Microphone 50 constantly detects speeches therearound and applies
audio signals to framing unit 52. Framing unit 52 digitizes and
frames audio signals and successively inputs the resulting data to
buffer 54. Speech recognition processing unit 80 performs speech
recognition at every 100 milliseconds on the entire audio data that
is being accumulated in buffer 54, and outputs a result to
determining unit 82. Local speech recognition processing unit 80
clears buffer 54 when it detects a silent segment equal to or
longer than a threshold time period, and outputs a signal
(end-of-utterance detection signal) indicating detection of an end
of utterance to determining unit 82.
[0050] Receiving the result of local speech recognition from speech
recognition processing unit 80, determining unit 82 determines
whether the received result contains a start keyword stored in
keyword dictionary 84, or any expression satisfying a condition of
an end keyword.
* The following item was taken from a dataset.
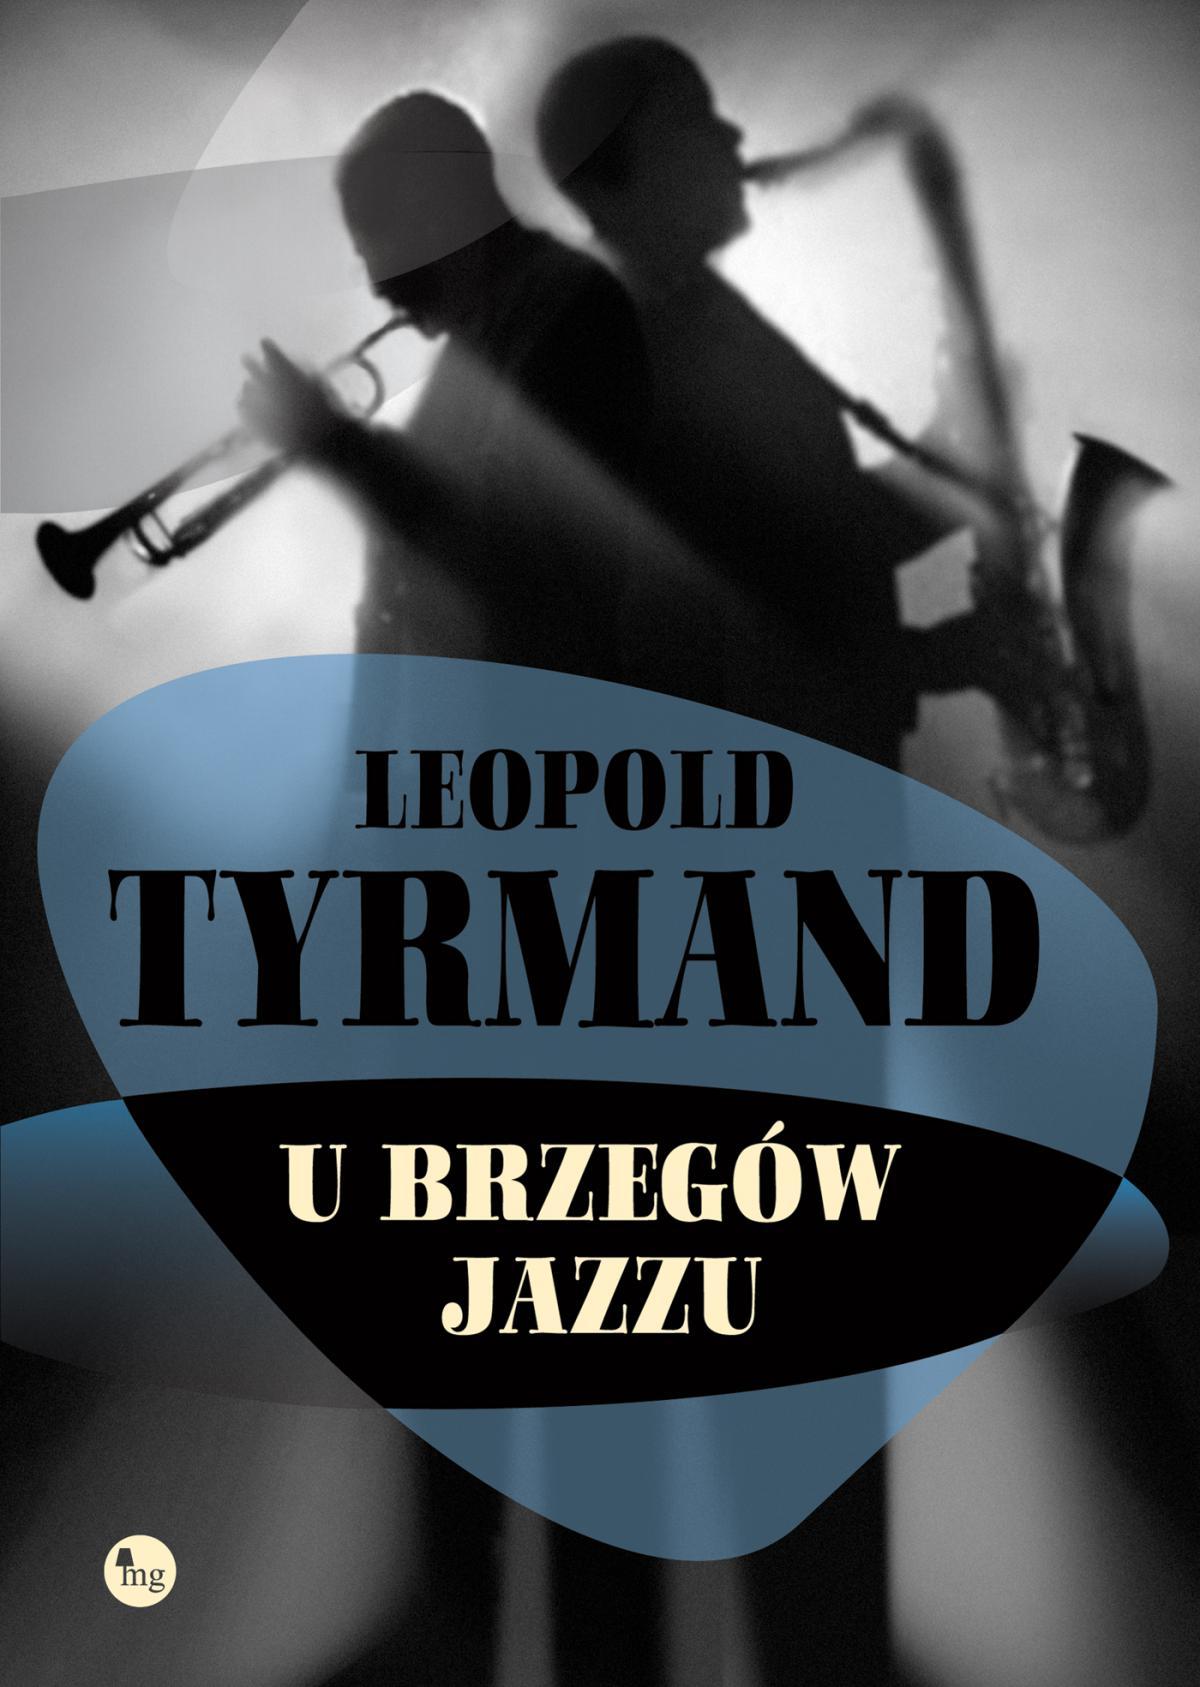 U brzegów jazzu. Wydanie 2 - Ebook (Książka EPUB) do pobrania w formacie EPUB
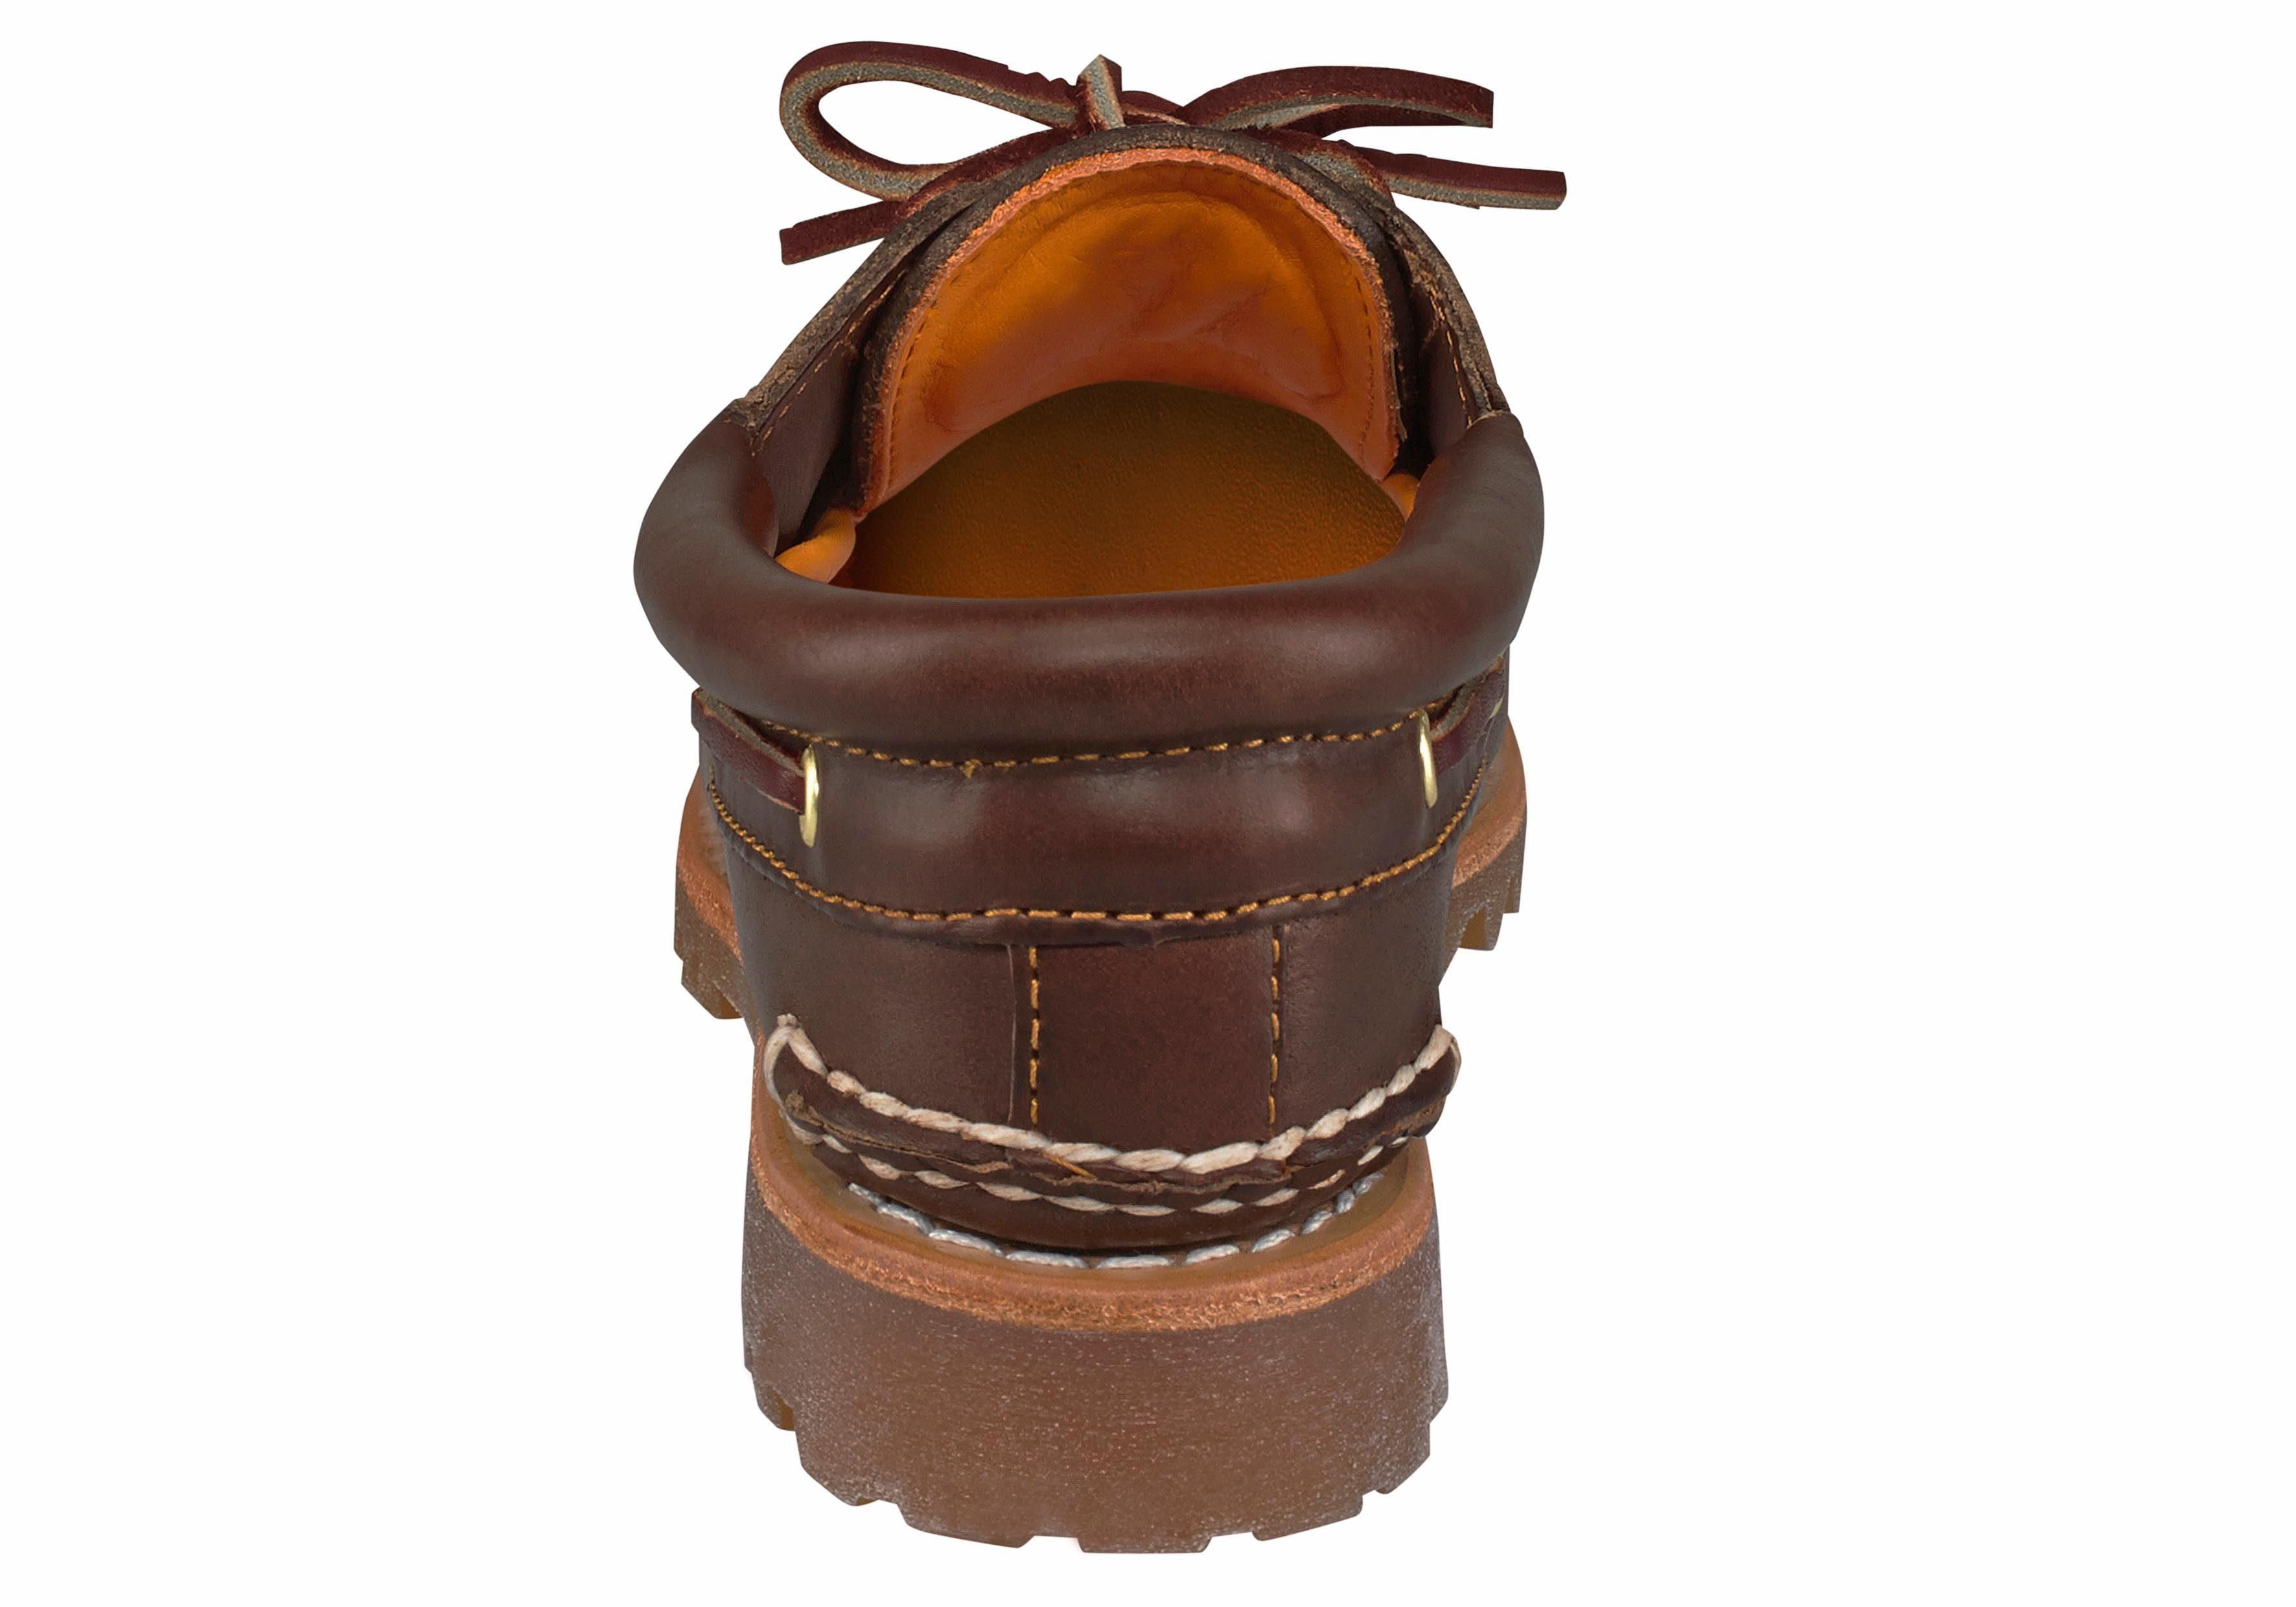 Timberland Bootschoenen Heritage Noreen 3 Eye Online Verkrijgbaar - Geweldige Prijs

If a start keyword is detected in the result of
local speech recognition while no audio data is being transmitted
to speech recognition server 36, determining unit applies a start
keyword detection signal to communication control unit 86. On the
other hand, if an end keyword is detected in the result of local
speech recognition while audio data is being transmitted to speech
recognition server 36, determining unit 82 applies an end keyword
detection signal to communication control unit 86. Further, when an
end-of-utterance detection signal is received from speech
recognition processing unit 80, determining unit 82 instructs
communication processing unit 86 to end transmission of audio data
to speech recognition server 36.
[0051] When a start keyword detection signal is applied from
determining unit 82, communication control unit 86 causes
transmission/reception unit 56 to read, among the data stored in
buffer 54, data from the start position of the detected start
keyword and to transmit the read data to speech recognition server
36. At this time, communication control unit 86 stores the start
keyword applied from determining unit 82 in temporary storage unit
88. When an end keyword detection signal is applied from
determining unit 82, communication control unit 86 causes
transmission/reception unit 56 to transmit, among the data stored
in buffer 54, audio data up to the detected end keyword to speech
recognition server 36 and then to end transmission. When an
instruction to end transmission by the end-of-utterance detection
signal is applied from determining unit 82, communication control
unit 86 causes transmission/reception unit 56 to transmits, among
the audio data stored in buffer 54, all the audio data up to the
time point when end-of-utterance was detected to speech recognition
server 36 and then to end the transmission.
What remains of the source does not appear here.